Nevado del Ruiz (Colombie)

nevado del ruiz,ash,cendre,volcans,volcanoesL’INGEOMINAS  a mis en ligne deux images satellites de la NASA montrant les transformations subies par le Nevado del Ruiz entre le 23 avril 2010 et le 6 juin 2012. Dans le premier cliché on peut voir la calotte glaciaire parfaitement propre, alors que deux années plus tard elle est recouverte de dépôts de cendre, en particulier dans sa partie occidentale. De plus on voit parfaitement le panache de cendre être emporté vers le N-NO.   

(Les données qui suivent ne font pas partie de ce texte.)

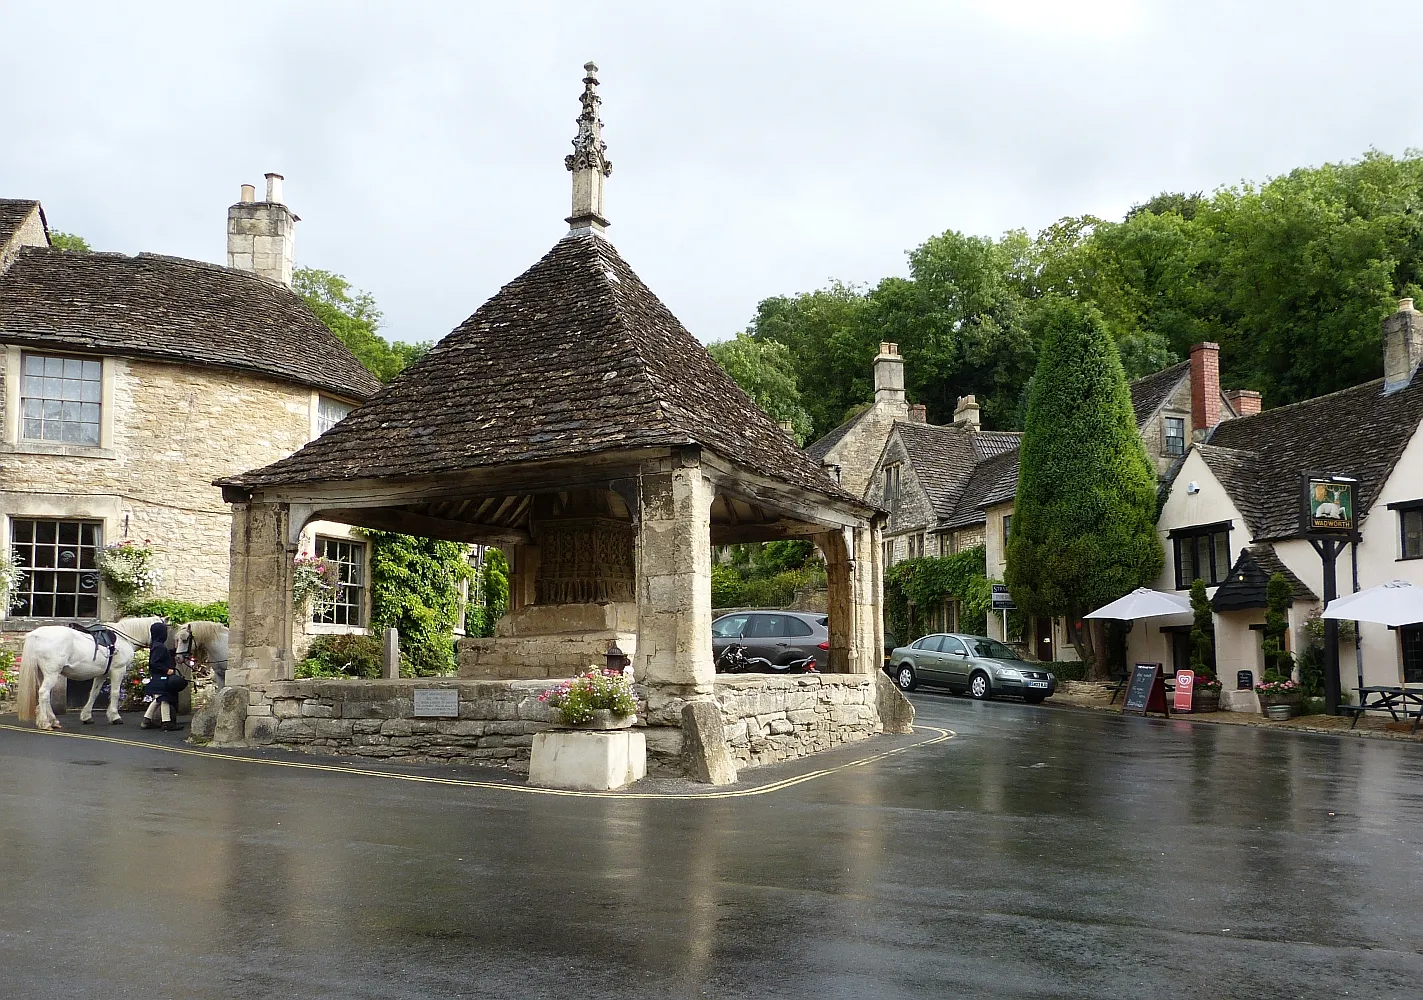 Photo showing: Castle Combe, Butter Cross in The Street. The fourteenth century Market Cross is housed beneath the Butter Cross in the centre of the highly picturesque village of Castle Combe (see shared description). Behind the cross (and behind the ponies) is part of the Castle Inn while the village's other pub, The White Hart can be seen on the right.

http://www.ingeominas.gov.co/Manizales/Imagenes/ComparacionNASA.aspx

Dans son dernier bulletin, l’INGEOMINAS indique que le tremor continue à révéler une instabilité du système volcanique associée à des émissions de gaz et de cendre. L’Observatoire met en garde sur le risque de débordement de certaines rivières suite aux fortes pluies et à l’accumulation de cendre. La couleur du niveau d’alerte est maintenue à l’Orange (niveau II).  

 

nevado del ruiz,ash,cendre,volcans,volcanoesINGEOMINAS has released two satellite photos taken by NASA that show the changes undergone by Nevado del Ruiz between April 23rd 2010 and June 6th 2012. In the first snapshot, one can see that the icecap is perfectly clean whereas two years later it is blackened by ash deposits, mostly in the western part. One can also see the ash plume being blown away N-NW.

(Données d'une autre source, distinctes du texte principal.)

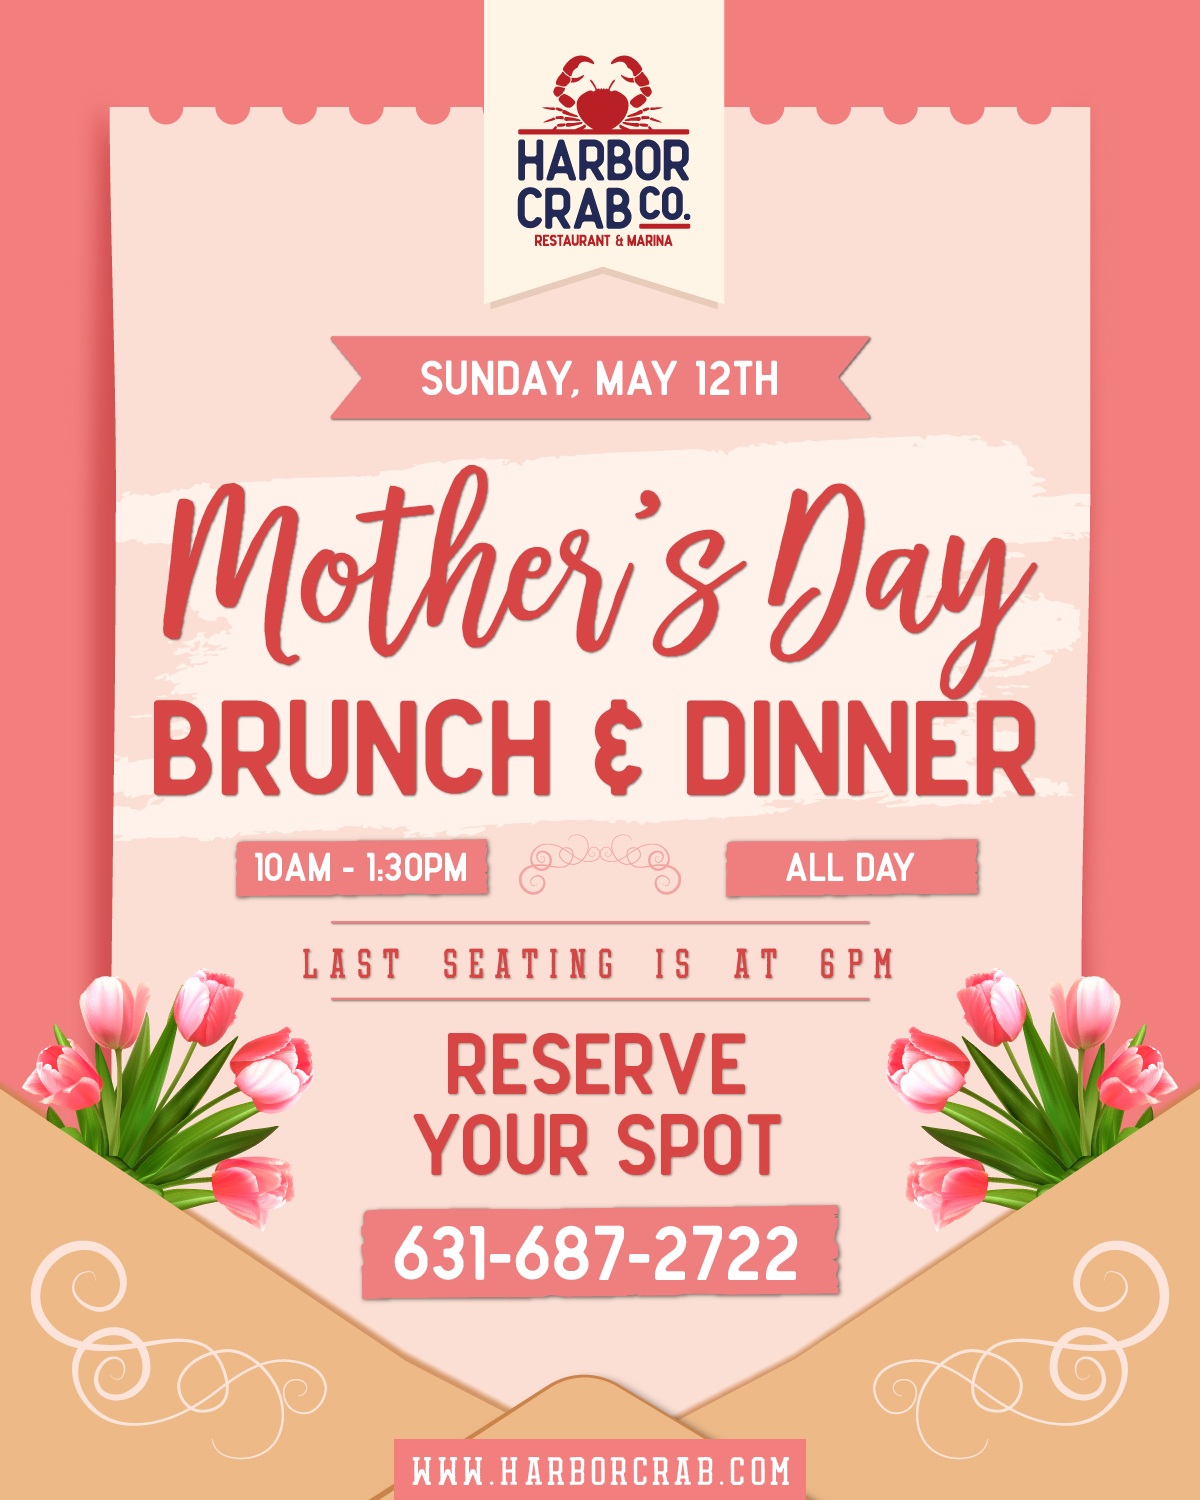 Harbor Crab's Mother's Day event featuring brunch and dinner on Sunday, May 12th.

http://www.ingeominas.gov.co/Manizales/Imagenes/ComparacionNASA.aspx

In its latest report, INGEOMINAS indicates that the tremor still reveals instability of the volcanic system together with gas and ash emissions. The Observatory warns against the risk of flooding of certain rivers due to the heavy rains and ash accumulation. The colour of the alert level is kept at Orange (level II).

Les leçons de l’éruption du Puyehue (Chili)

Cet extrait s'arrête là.